Vreemd dat het Zuidvlaams afkerig blijkt te zijn van het hele oude, blijkbaar minder voorname woord ‘kop’ voor hoofd. Vandaar, tot onze verbazing zelfs een scheldnaam als gy'n aaphoofd, of dikhoofd of het hypercorrect ABN-aandoende dunderhoofden (voor donderkoppen, Westvl. dundertorren), verder: kalfshoofd, slaaphoofd (slaapkop: papaver), in 't hoofd (aan de kop).
In samenstellingen wordt koe in het Westvl. doorgaans koei-, in het Zuidvlaams blijft het braafjes koe (met merkwaardig zuiver en kort uitgesproken oe): koeband, koereep, koetee (teen), koeketel, koestal, koehoorn, koebloed, koemarkt, en het leuke boekbanksje (melkstoeltje). Een preekheere is een predikant, een dykkantheere een kantonnier...

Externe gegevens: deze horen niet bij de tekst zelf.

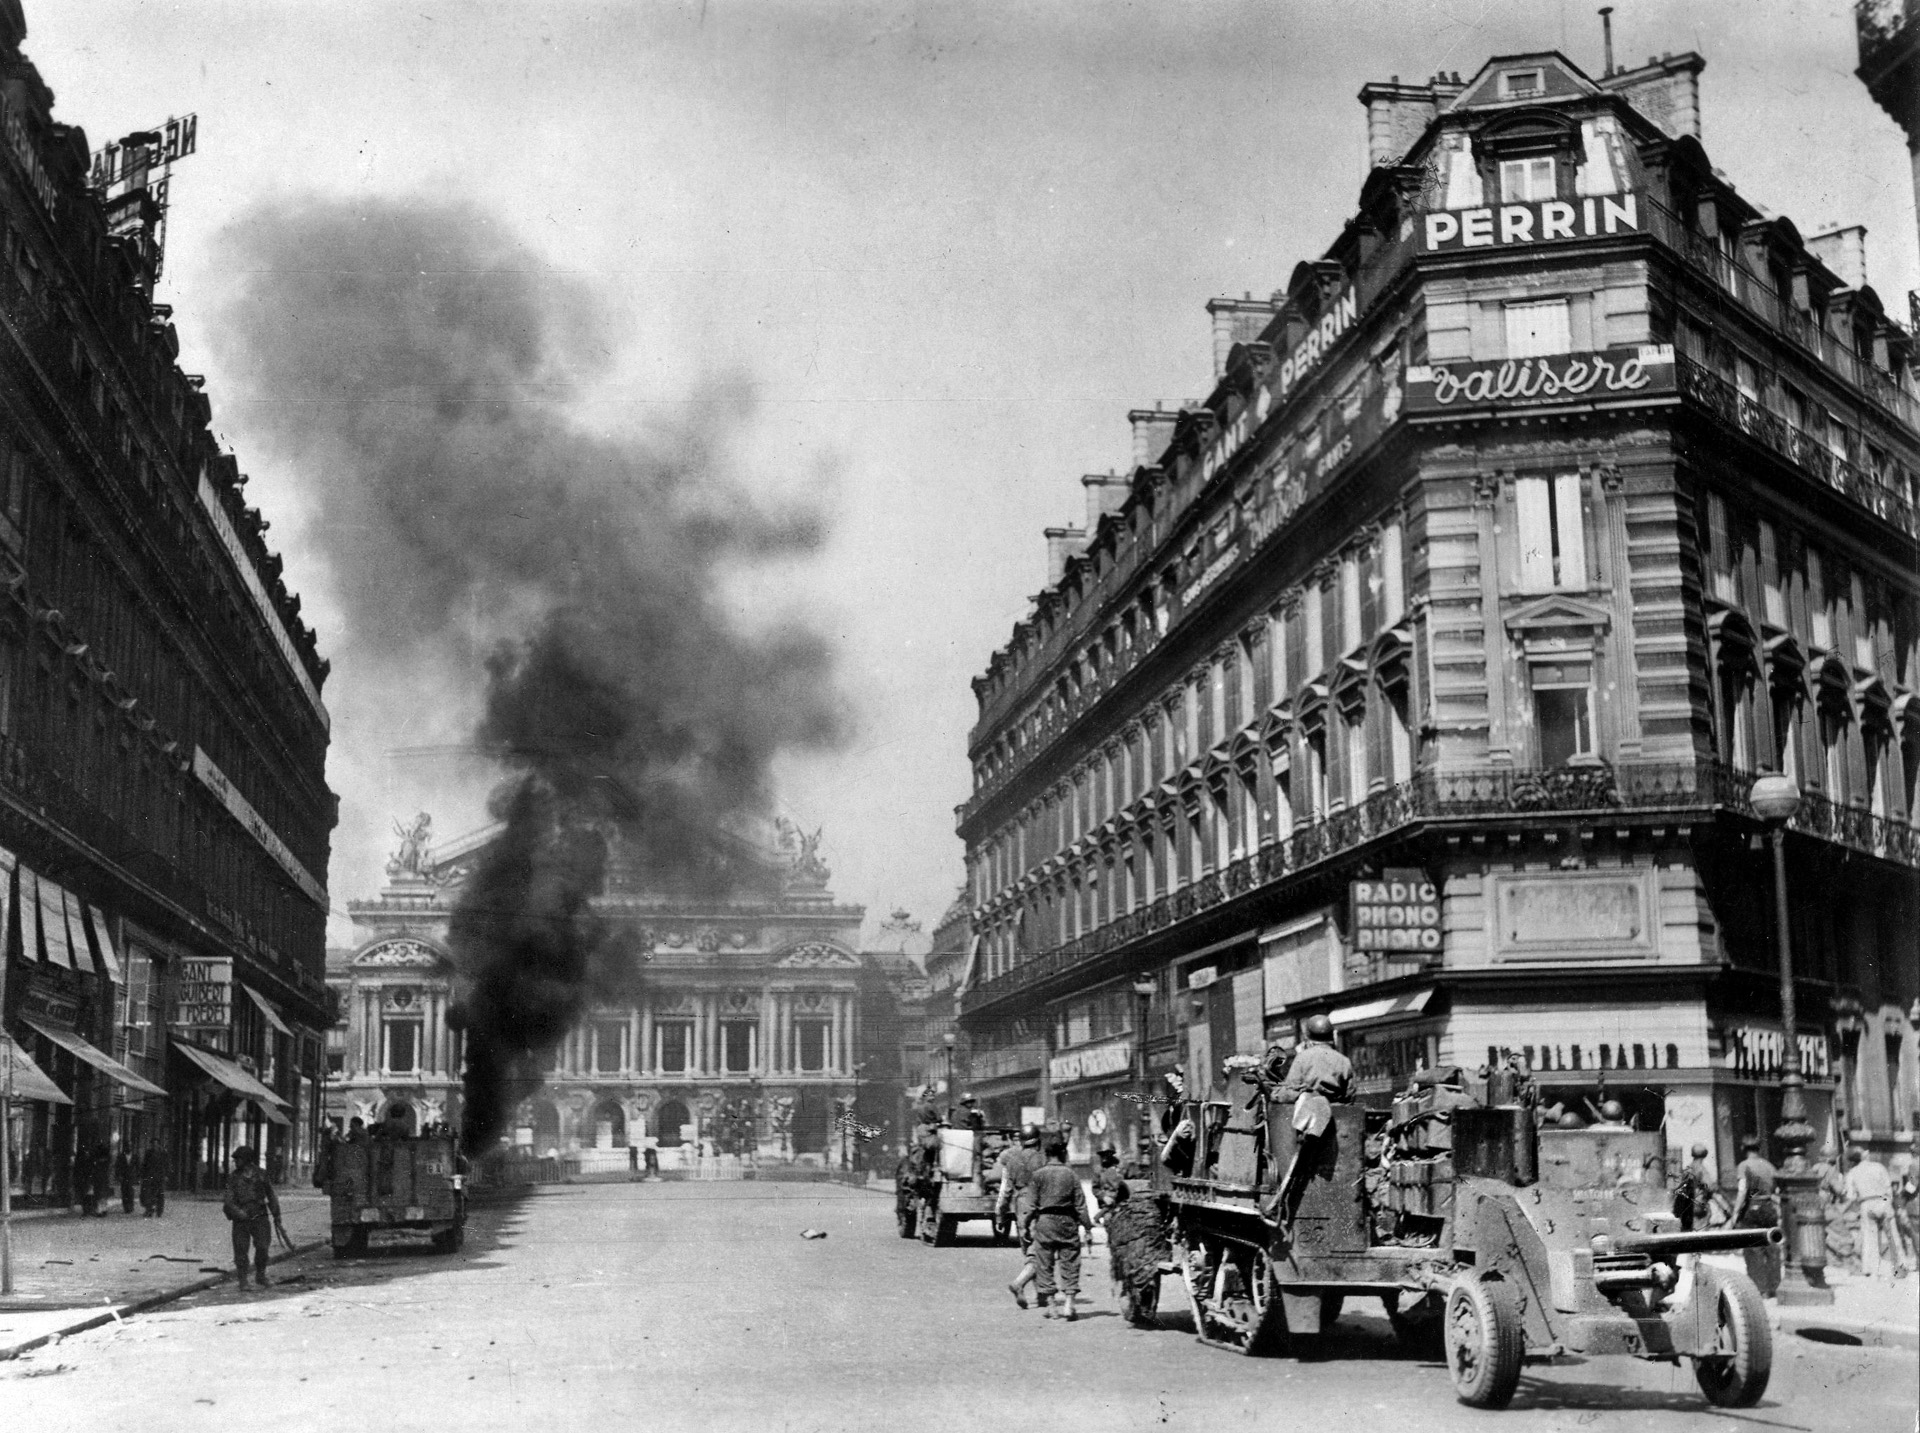  A German tank burns in front of the Paris Opera House after being hit by an anti-tank round. René Champion’s tank was also hit when a grenade was dropped into the open hatch.
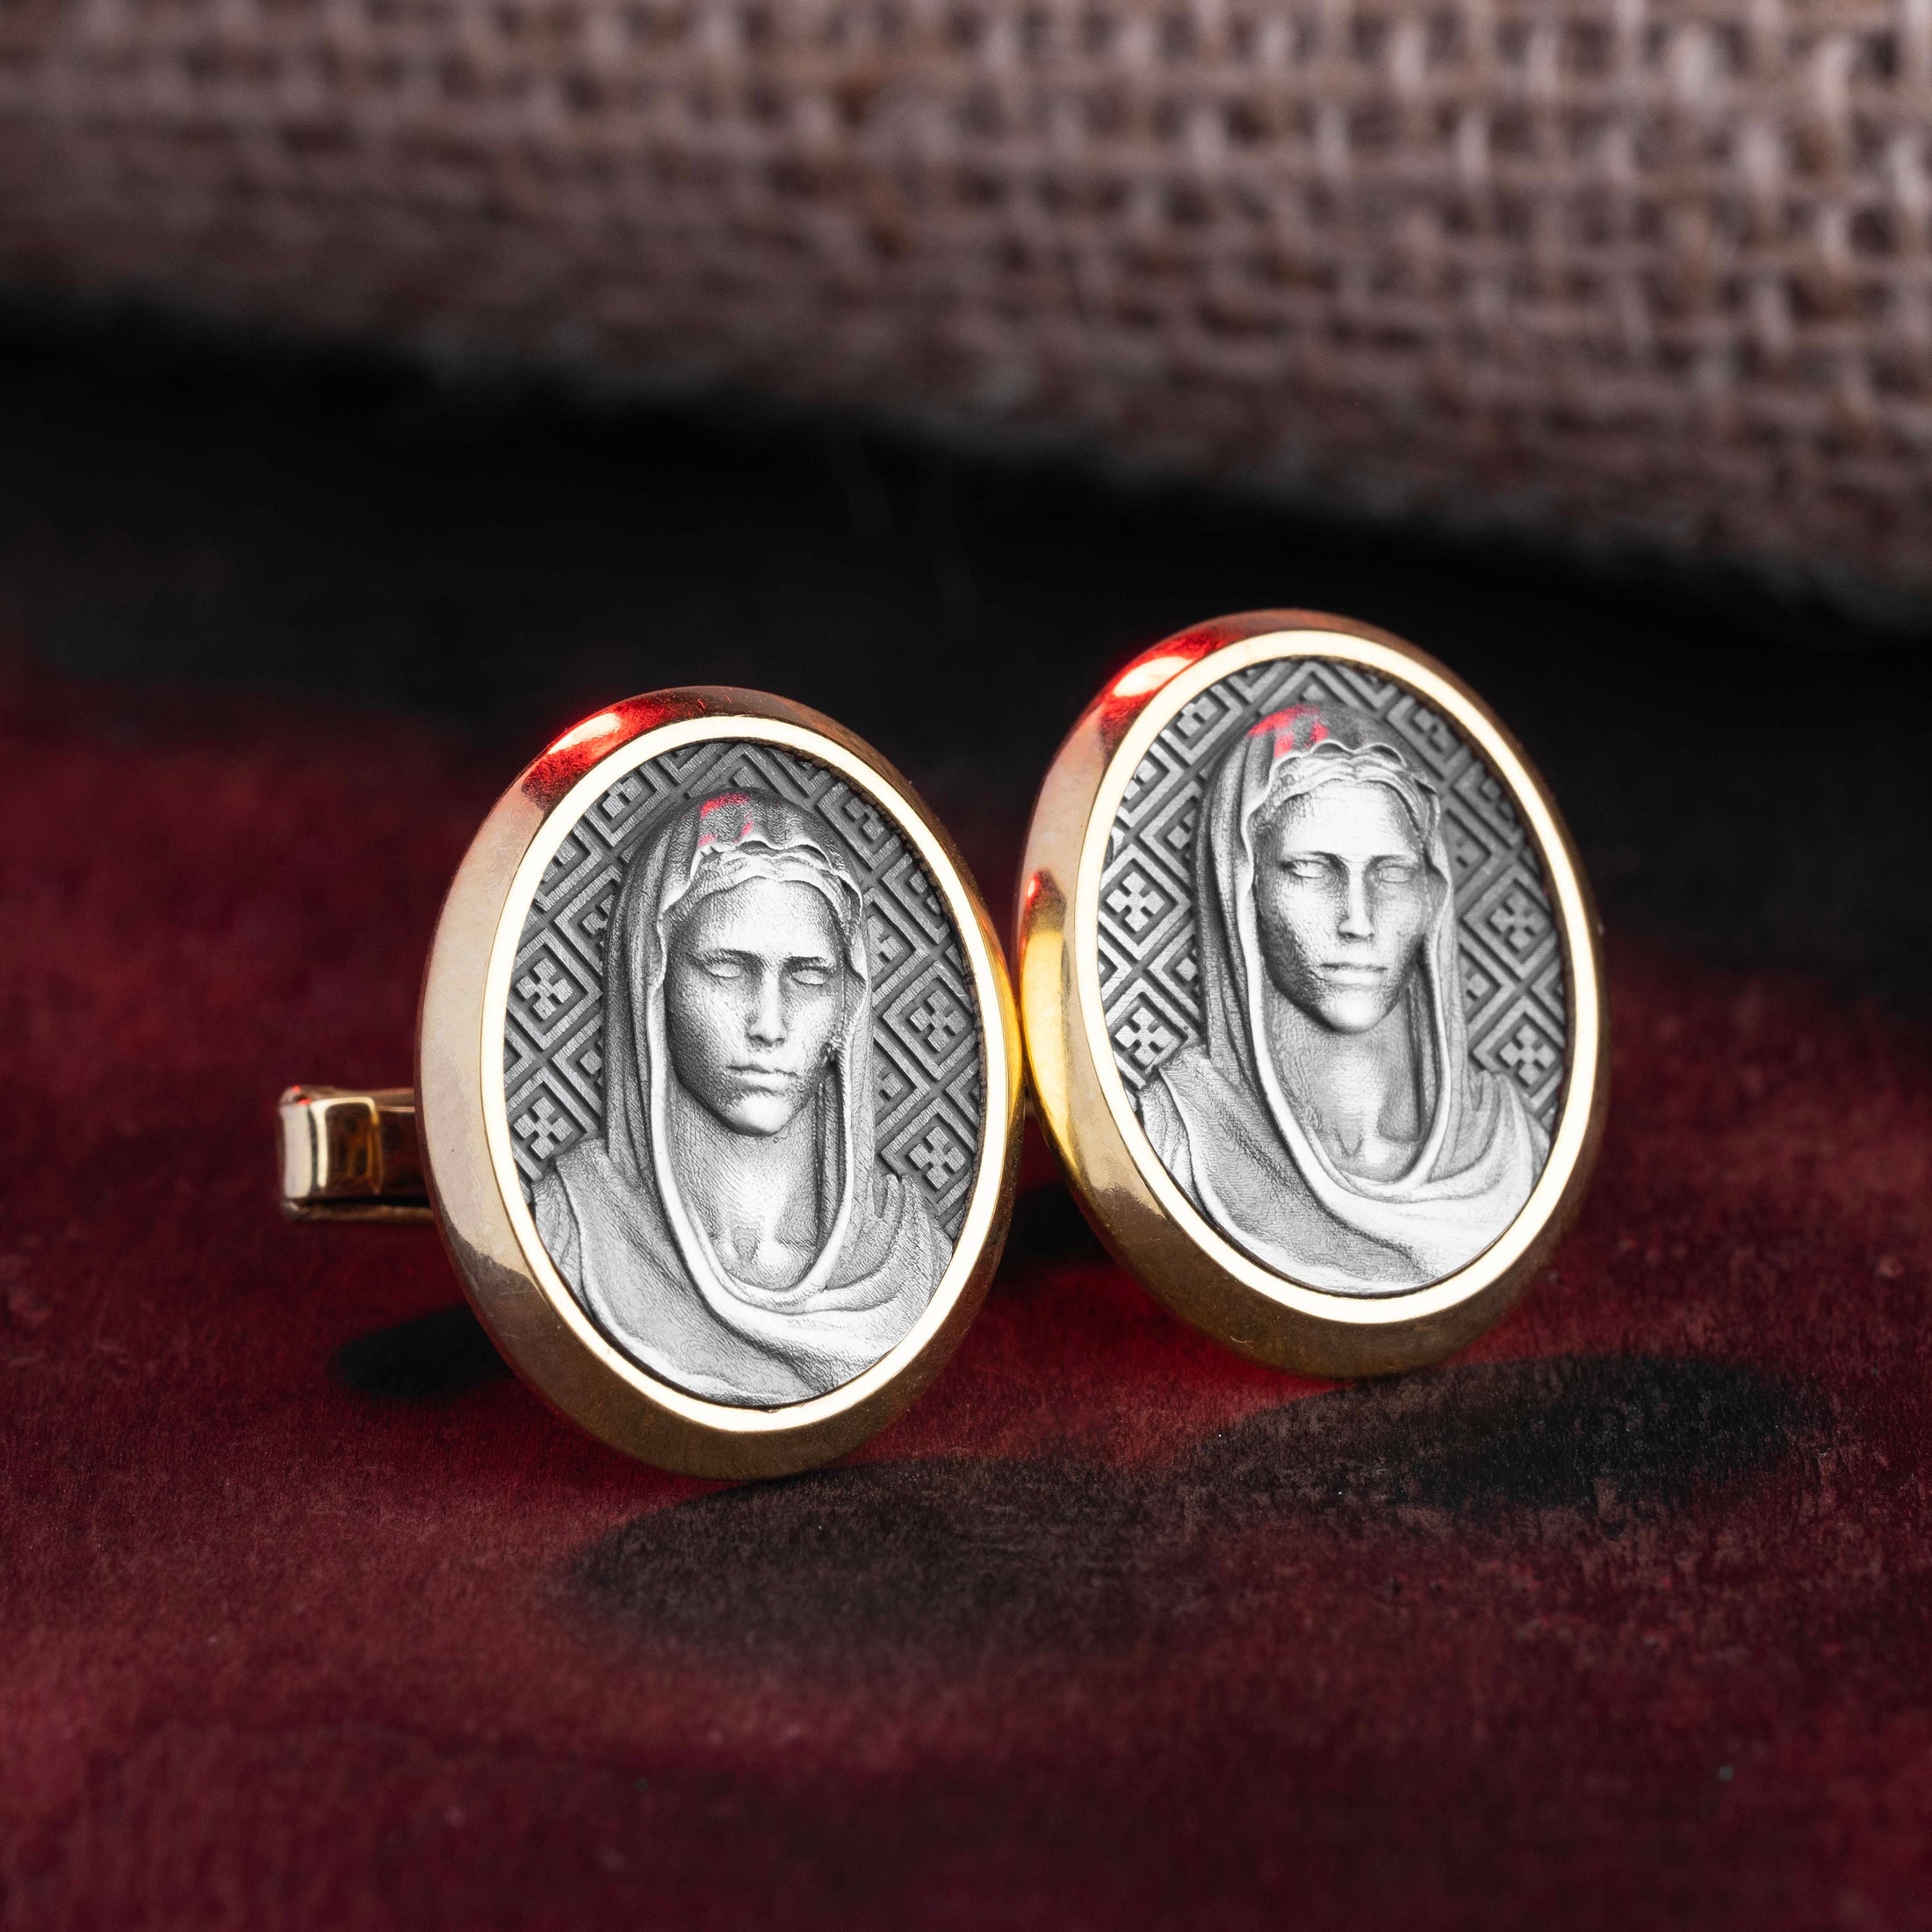 Miraculous Medal Cuff Links, Blessed Virgin Mary, Mother Of God, Memorial Gift, Engraved Cufflinks, Catholic Cufflinks, Religious Gift

Over de Zuidvlaamse voornaamwoorden die zoals het westelijk Westvl. ook jevormen bevatten: je, joen, jun, joe, julder enz. valt alleen maar de oude vorm zoe (zij met nadruk) te vermelden in b.v. zoe neur grommoeder (háár grootmoeder) dat staat t.o. num z'n vader (zijn vader) en ook nuus (als beklemtoonde onderwerpsnaamval): nuus, me kleppen Vlamsch (ja, wij praten Vlaams).
We mogen een heel beperkt gebied om Rubroek en Volkerinkhove niet onvermeld laten: het is het n-etersgebied: ze zeggen: 'k hen holpe (ik heb geholpen), die dat uut kunn houde (spr. oede), lanten meure (lemen muren) enz. Om en bij Belle zeggen ze: Balle, kapalle, malk, gald, kalder enz. Inzake syntaxis zijn er vooral twee dingen op te merken: niet altijd (en niet overal) komt de ondoordringbaarheid en de woordorde van de werkwoordelijke eindgroep met die van het ABN overeen, maar heel vaak, o.m. in de volgende gevallen: 'k zoun er meer over kunnen vertellen (Winnezele); die dat uut kunnen houden (Volkerinhove); ze had dat niet weg moeten geven; ze gaat niet betaald wullen zyn; die bloemen gaan niet begoten moeten zyn. Precies in strijd met de norm van het ABN bestaat in het steevast naar de uitloop verschuiven van de niet-werkwoordelijke rest bij werkwoorden van beweging: hij is ekkommen na Kassel; zy is eggaan in de misse (naar de mis).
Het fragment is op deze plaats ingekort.